M*A*S*H was one of the most profitable shows in syndication of all time. At one point the show was running 16 times per week in some markets. When it’s production run ended, the show was already running 3 to 4 times per day as a re-run on the network. These re-runs mostly continued. So looking back the line between production run and and syndication gets a little fuzzy.
Here’s a good synopsis of M*A*S*H in syndication.
Richard Hooker, the author of M*A*S*H, despised Alan Alda and his depiction of Hawkeye. I’m not sure what he thought of Altman’s film, although he was upset he sold the film rights for peanuts.
IMO Donald Sutherland’s Hawkeye was much closer to Hooker’s character.

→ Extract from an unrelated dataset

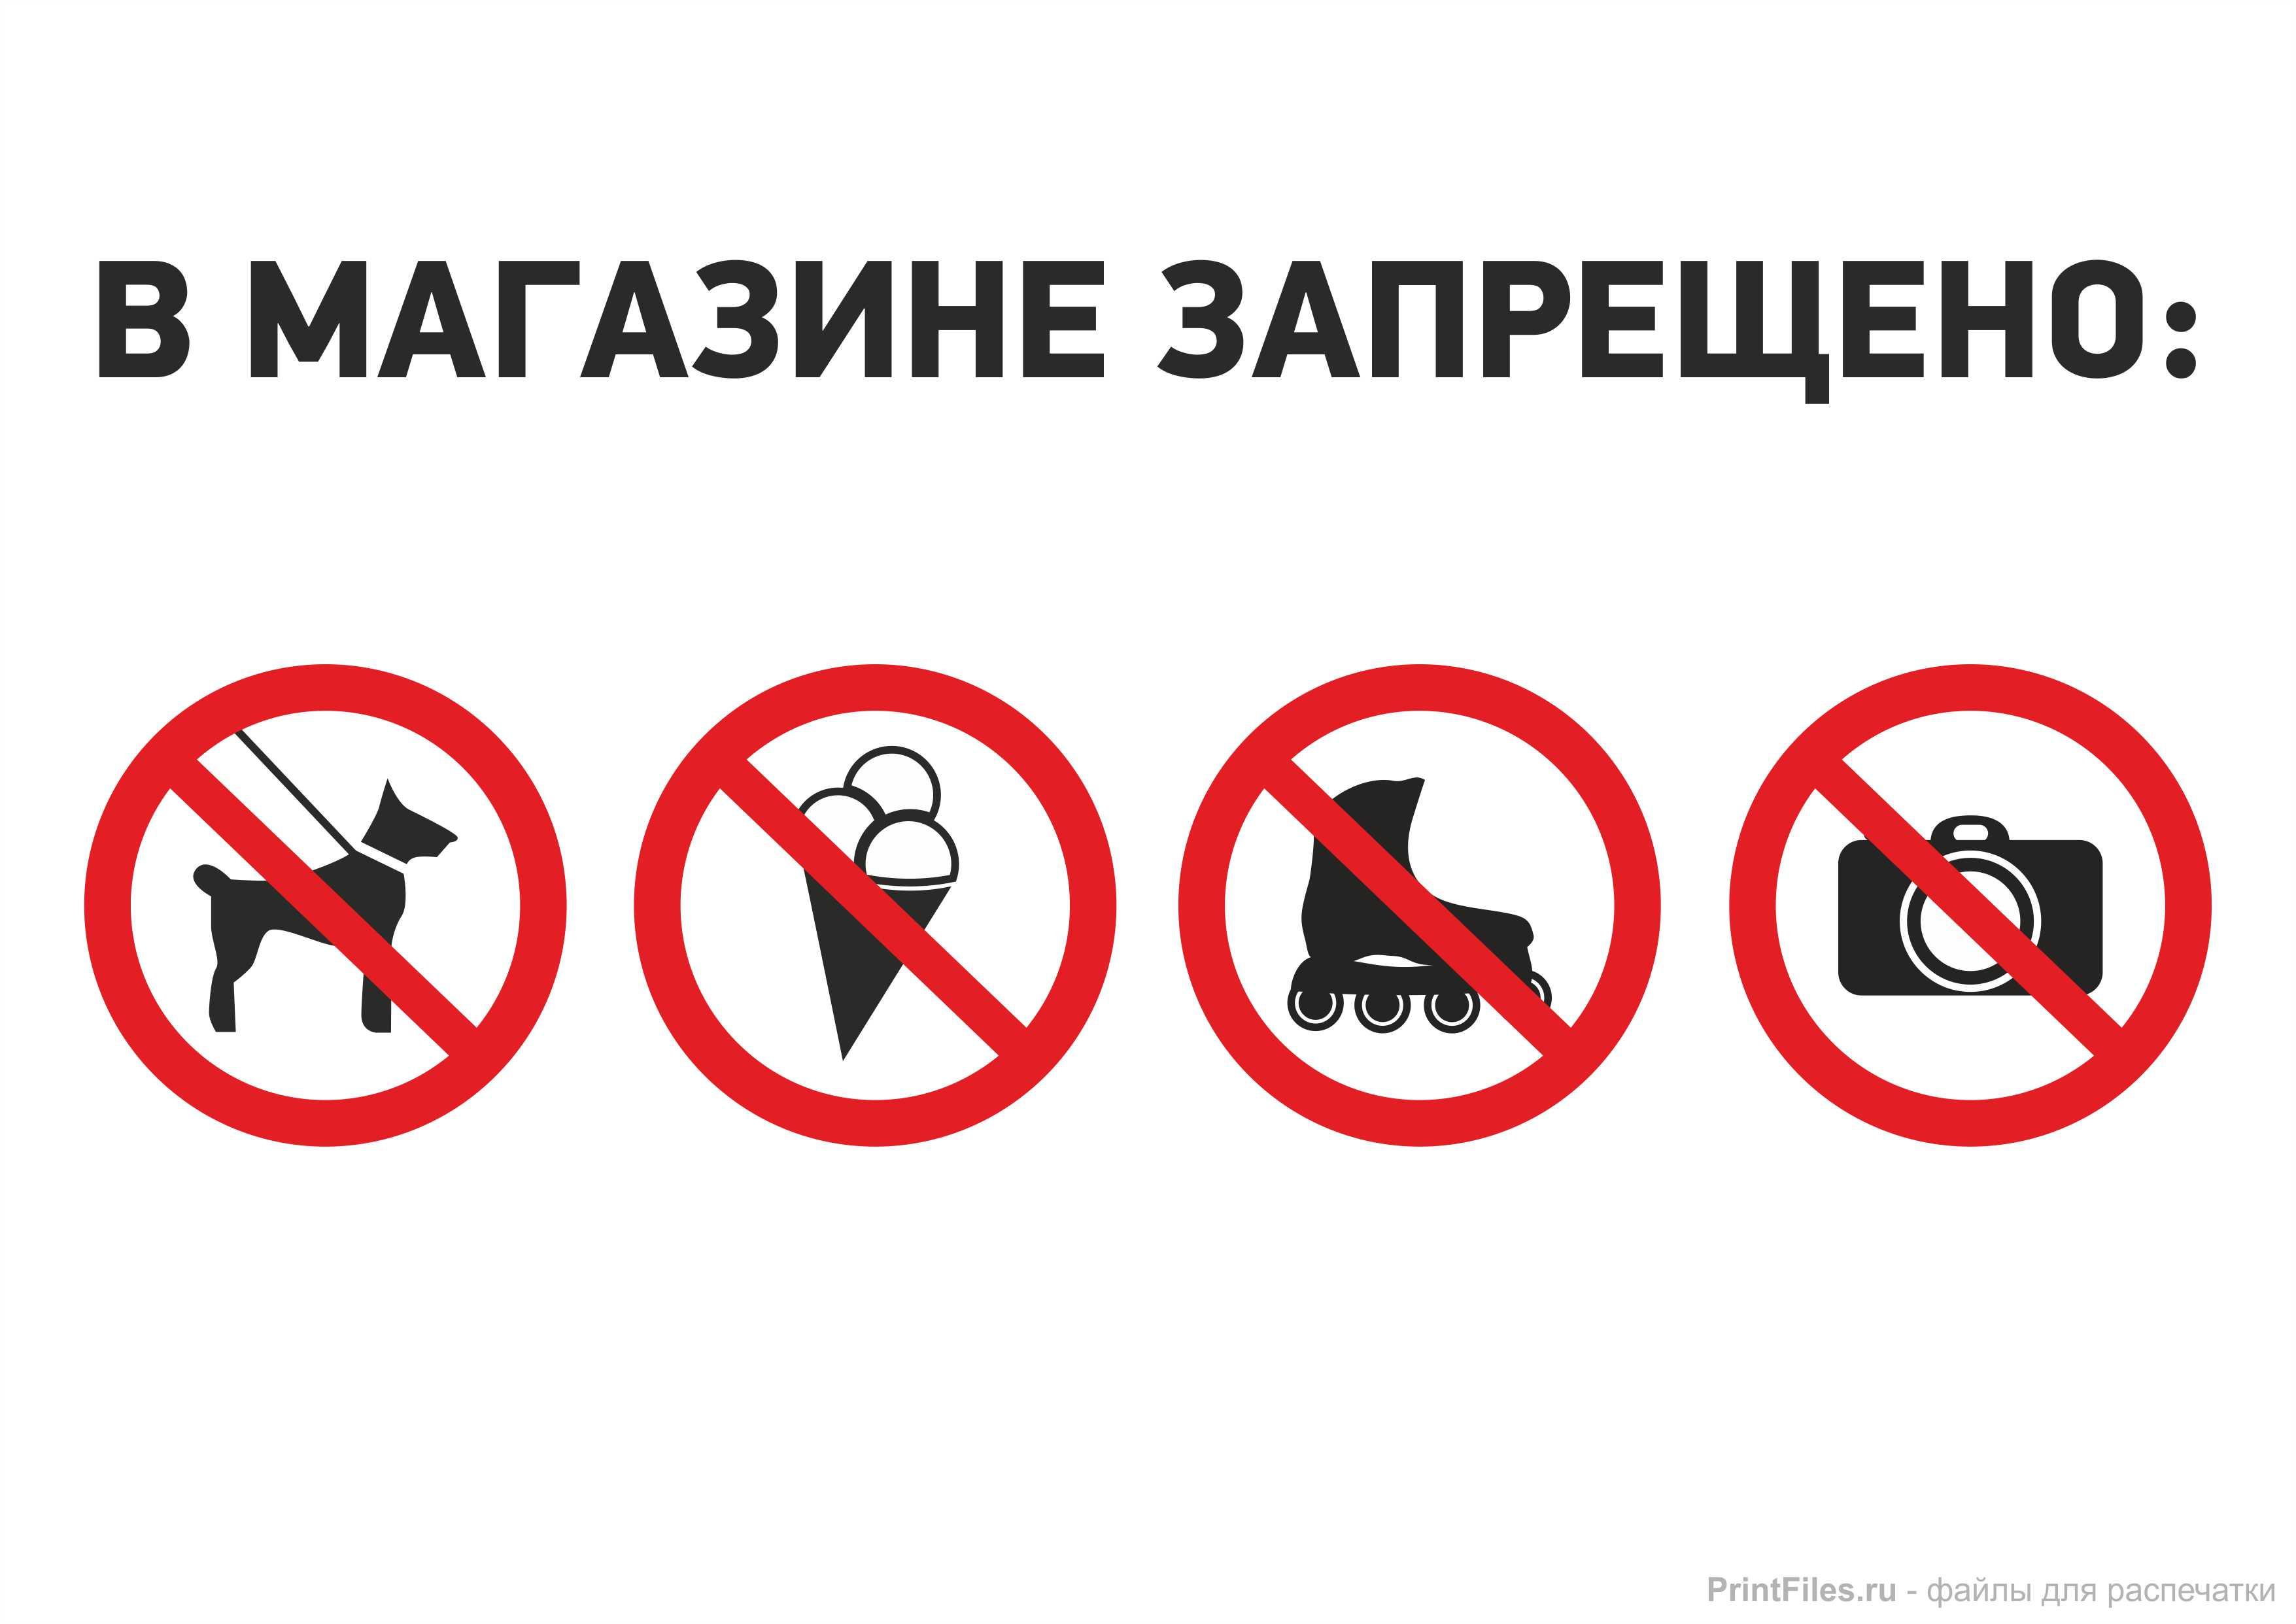 Открытки аппликации, смешная картинка вход собаке с мороженным и на роликах запрещен

The bigger tragedy is what they did to Trapper John who was as big a character as Hawkeye. The TV production kept squeezing Trapper until he was nothing more than a side-show foil for Alda. Wayne Rogers knew what was going on and was right to leave the show.
There is no fun in progressivism, comrade. Revolution is a serious business.
“There will be no laughter, except the laugh of triumph over a defeated enemy.”